Internada desde 17 de maio devido às perfurações no intestino, rim e pulmão, além de uma lesão da medula, Dorildes não resistiu e teve morte cerebral decretada na tarde de ontem. Gilberto, que foi atingido por quatro disparos, foi preso, mas acabou solto na última sexta-feira (29). Já o motorista, que era foragido da Justiça, segue detido.
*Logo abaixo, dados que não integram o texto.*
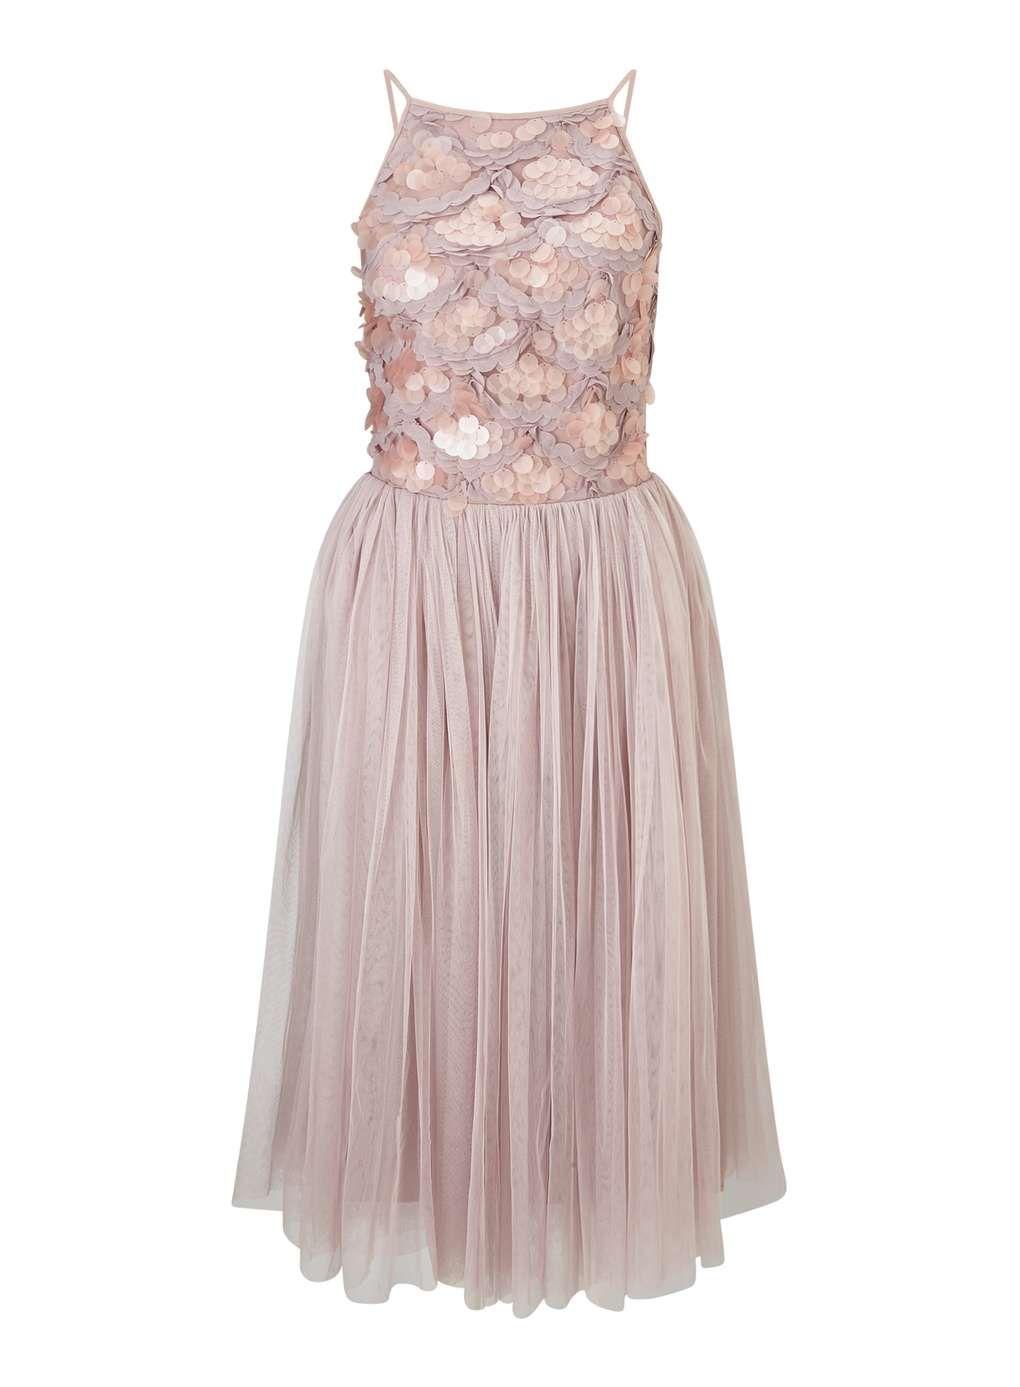 bfe0f6b15388 Sequin Mesh Midi Dress   Wear   Pinterest

Segundo a irmã de Dorildes, Marjorie Luciano, o angolano mora em Goiás e tinha ido passar as férias no Rio Grande do Sul para encontrar a amiga. Os dois decidiram ir para o litoral do estado e utilizaram o aplicativo BlaBlaCar. Luiz Carlos foi o responsável por realizar a corrida e, no retorno para a região metropolitana de Porto Alegre, o Palio Weekend conduzido pelo motorista passou a ser perseguido pela polícia.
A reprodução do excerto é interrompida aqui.